Parties swing across the globe

Foundations of Comparative Politics

November 24, 2006

Foundations of Comparative Politics is a new work with a companion website ( www.cambridge.org/newton ). It aims to cover the whole field but not the whole world. It is in a way less comparative than it might be - it confines itself to democratic states. Although there are some exiguous observations on the challenges faced by such polities, it offers little in the way of globalisations or civilisations, clashing or otherwise. The need to set some bounds to a boundless inquiry is entirely understandable, but there is perhaps a slight sense that the authors are more comfortable with people (or states) like us.

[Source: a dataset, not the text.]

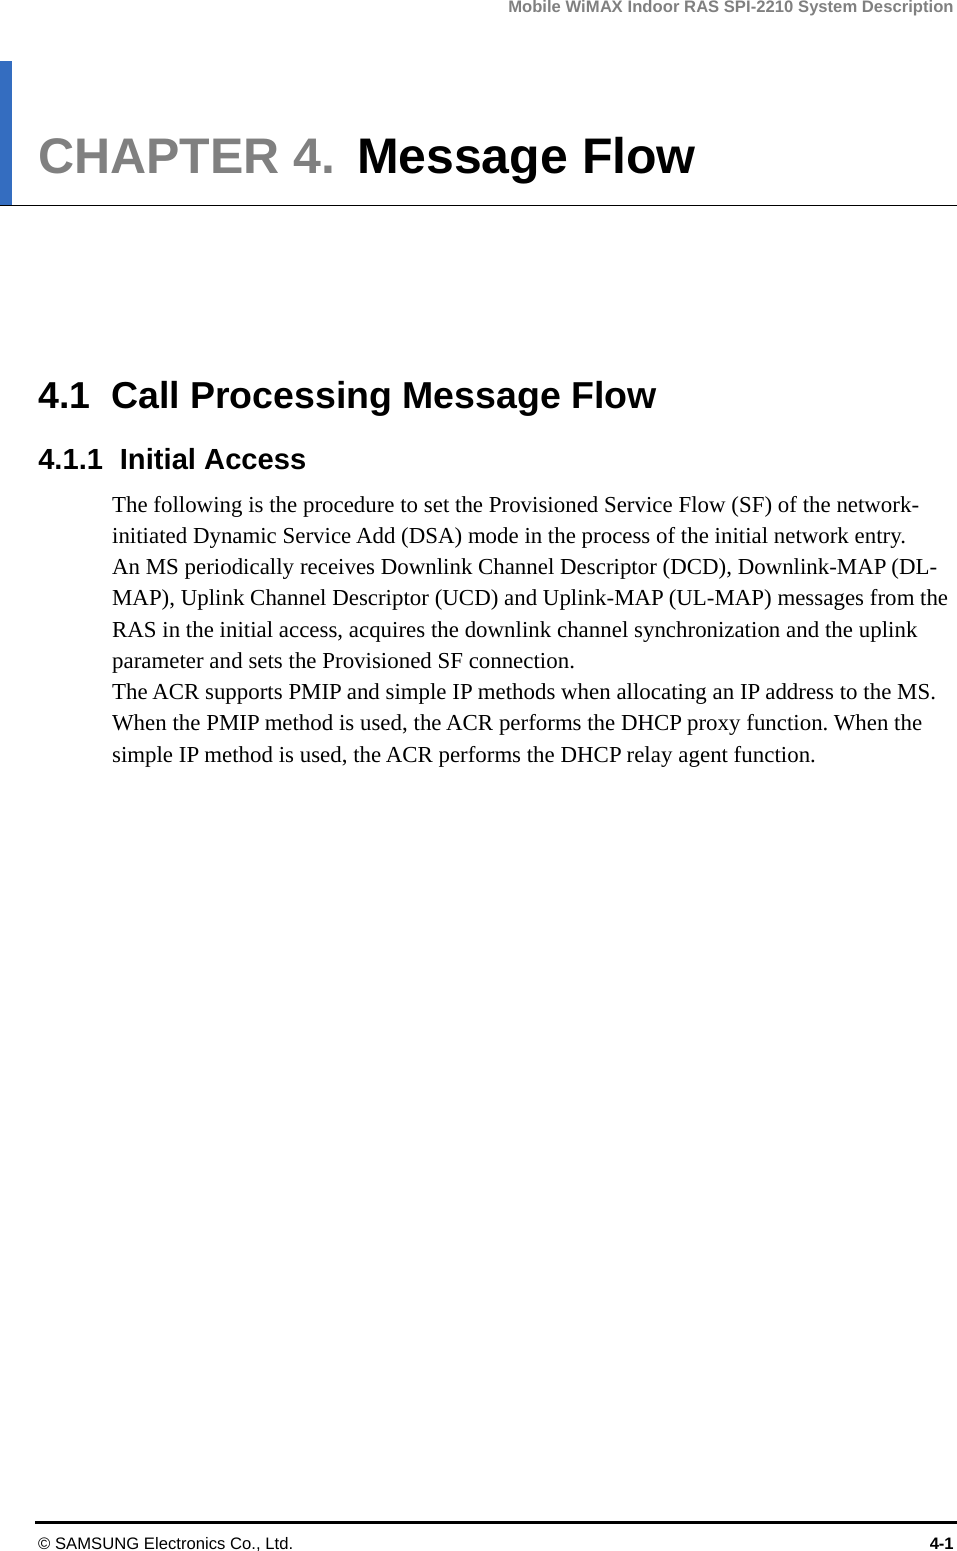 Mobile WiMAX Indoor RAS SPI-2210 System Description © SAMSUNG Electronics Co., Ltd.  4-1 CHAPTER 4.  Message Flow      4.1  Call Processing Message Flow 4.1.1 Initial Access The following is the procedure to set the Provisioned Service Flow (SF) of the network-initiated Dynamic Service Add (DSA) mode in the process of the initial network entry.   An MS periodically receives Downlink Channel Descriptor (DCD), Downlink-MAP (DL-MAP), Uplink Channel Descriptor (UCD) and Uplink-MAP (UL-MAP) messages from the RAS in the initial access, acquires the downlink channel synchronization and the uplink parameter and sets the Provisioned SF connection.   The ACR supports PMIP and simple IP methods when allocating an IP address to the MS. When the PMIP method is used, the ACR performs the DHCP proxy function. When the simple IP method is used, the ACR performs the DHCP relay agent function.  
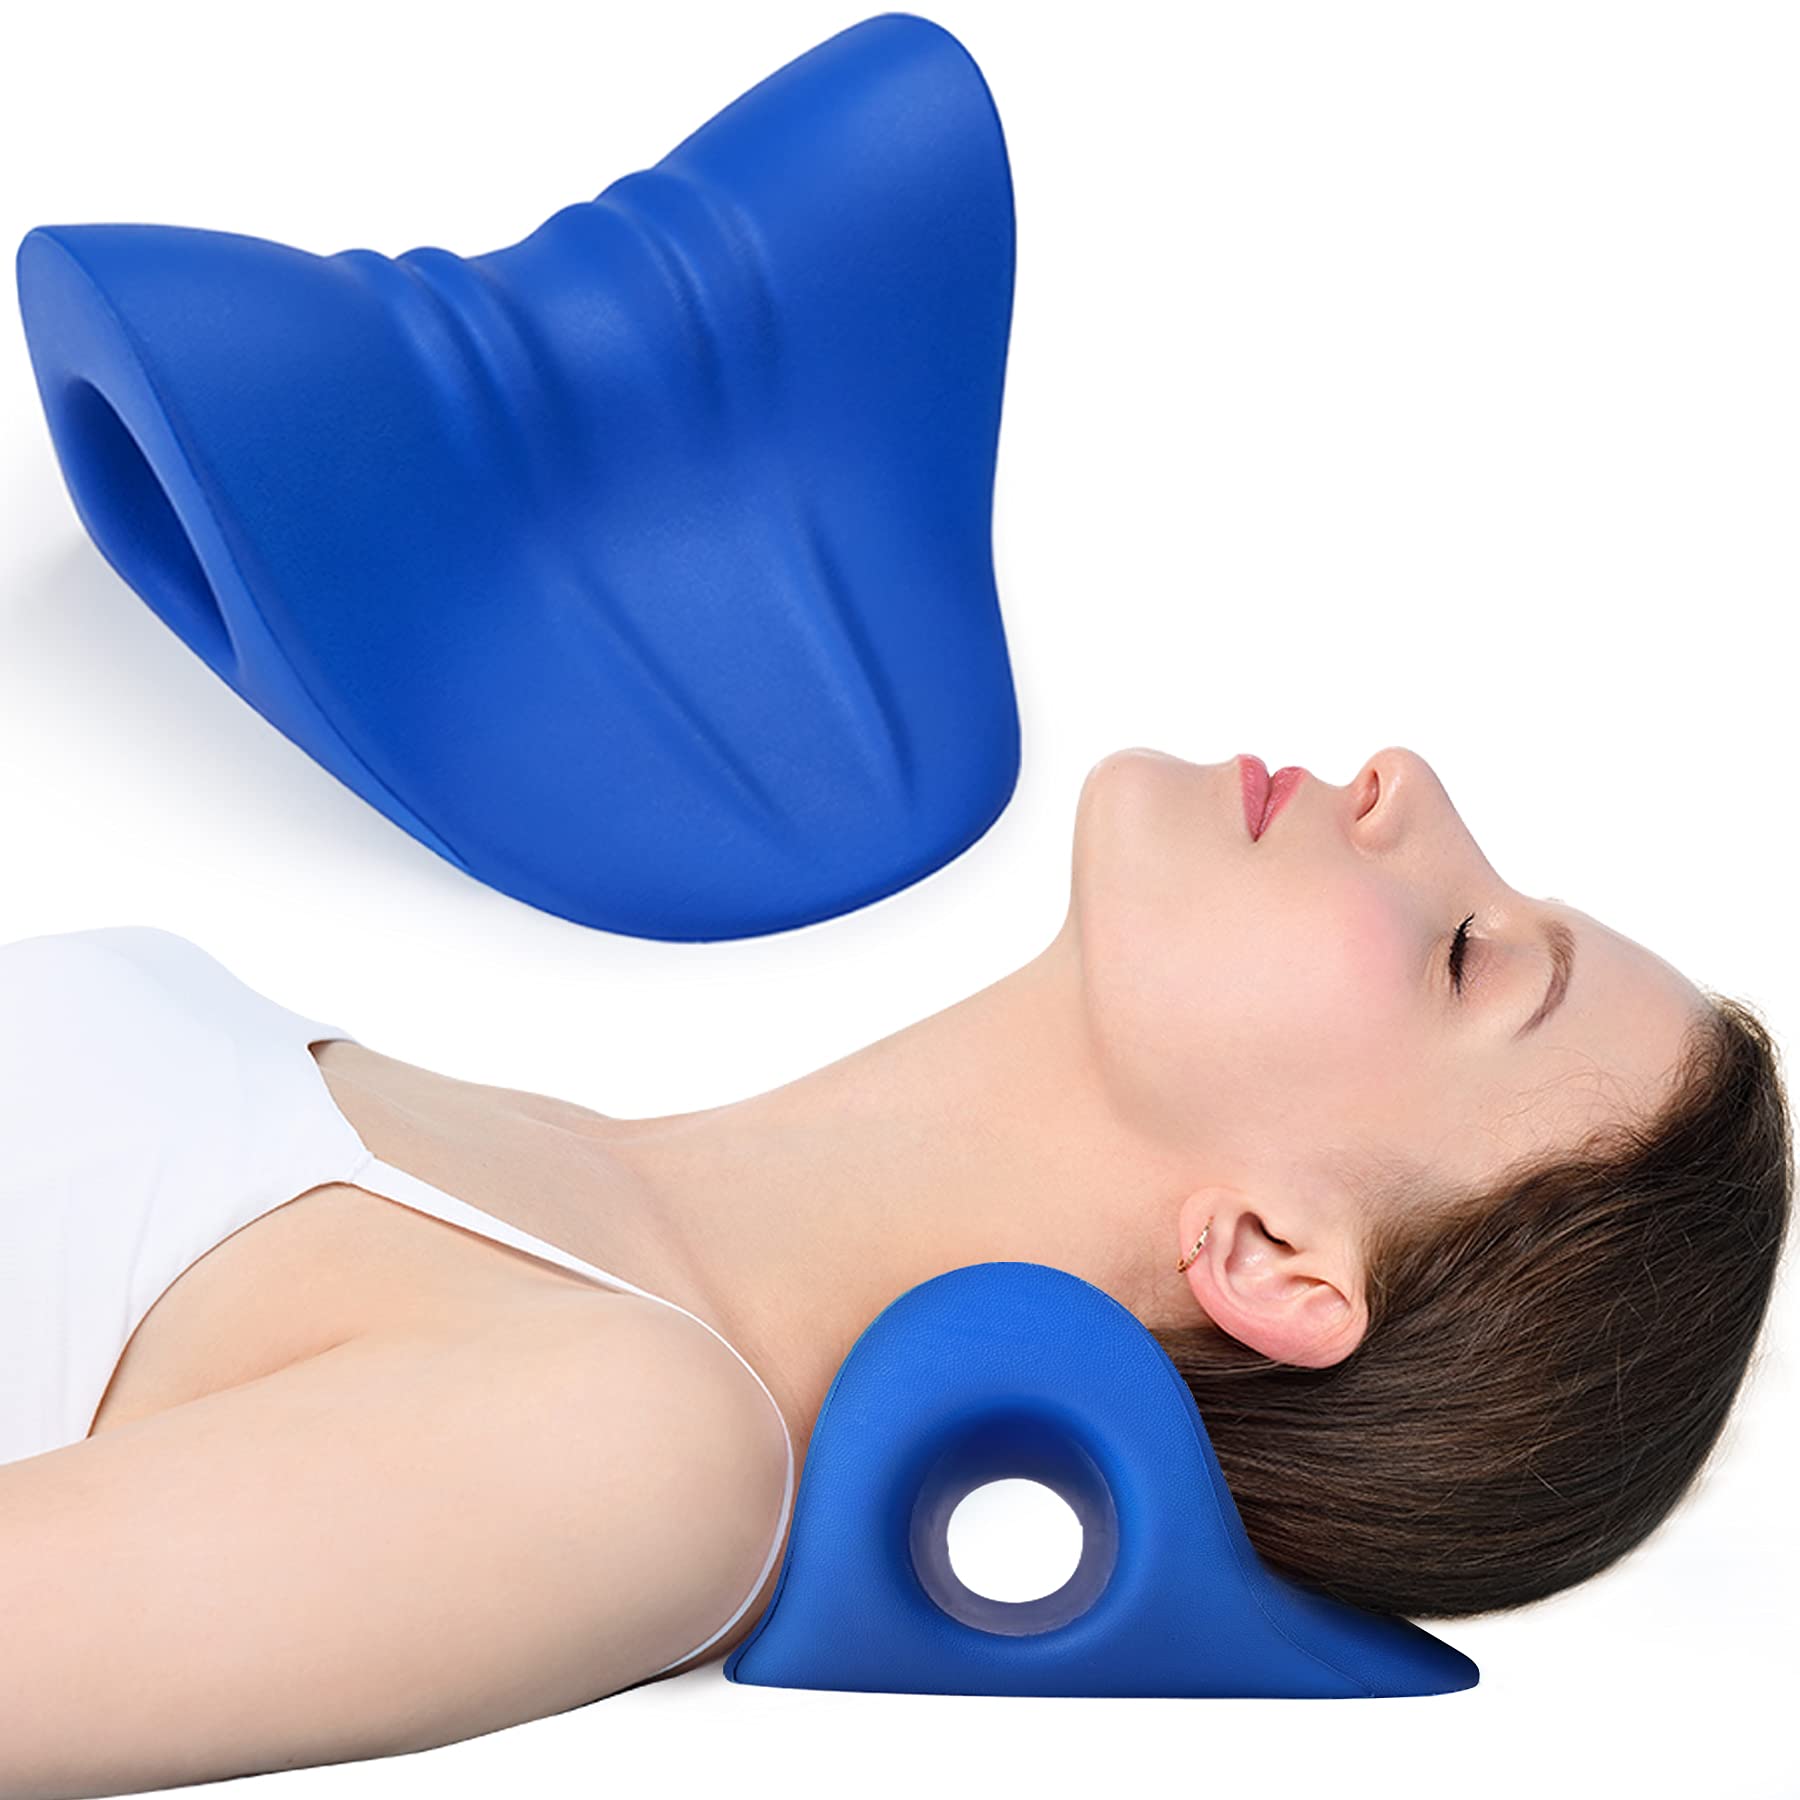 Incredible Chiropractic Neck Pillow References

The text is explicitly introductory, at times almost elementary. The material is clearly presented and plainly expounded, in bite-size chunks, with meticulous signposting and summarising. Student-friendly features abound: "briefings" (helpful extracts from other texts, pegged to a famous phrase or saying or idea - "two concepts of liberty", "solitary, poor, nasty, brutish and short"); "controversies" (a rather less successful variant of briefings - "the price of security"); "fact files" (potted data on such things as "The Treaty of Westphalia"); an extensive glossary; and the usual apparatus of selected websites (very helpful) and annotated bibliographies (a little behind the times on the latest editions, and excessively textbookish, with an admixture of surprisingly advanced work). Most of the foregoing is online, together with a battery of multiple-choice "review questions" ("According to Aristotle a state is...").

Each chapter concludes with a shortlist of suggested "projects". Some of these pose very appropriate questions that could easily inform seminar discussion: "Why has it been so difficult to adopt a constitution for the European Union?" Others, expressed in the language of the old-fashioned school room, display a fascination with categorisation unlikely to enthuse even the most dedicated: "Collect a list of all the main political parties in your country and try to arrange them into the seven main categories discussed in this chapter. What difficulties do you meet in trying to classify your parties, and why do you think your country produces parties that do not fit the scheme?" Others again seem more like tasks for the luckless bureaucrats covered in chapter seven: "Make a list of the terrorist actions in the world since 2000. What was the main objective of these actions? Which countries - if any - were involved in these actions and what was their main role (victim, supporter, opponent, mediator)?"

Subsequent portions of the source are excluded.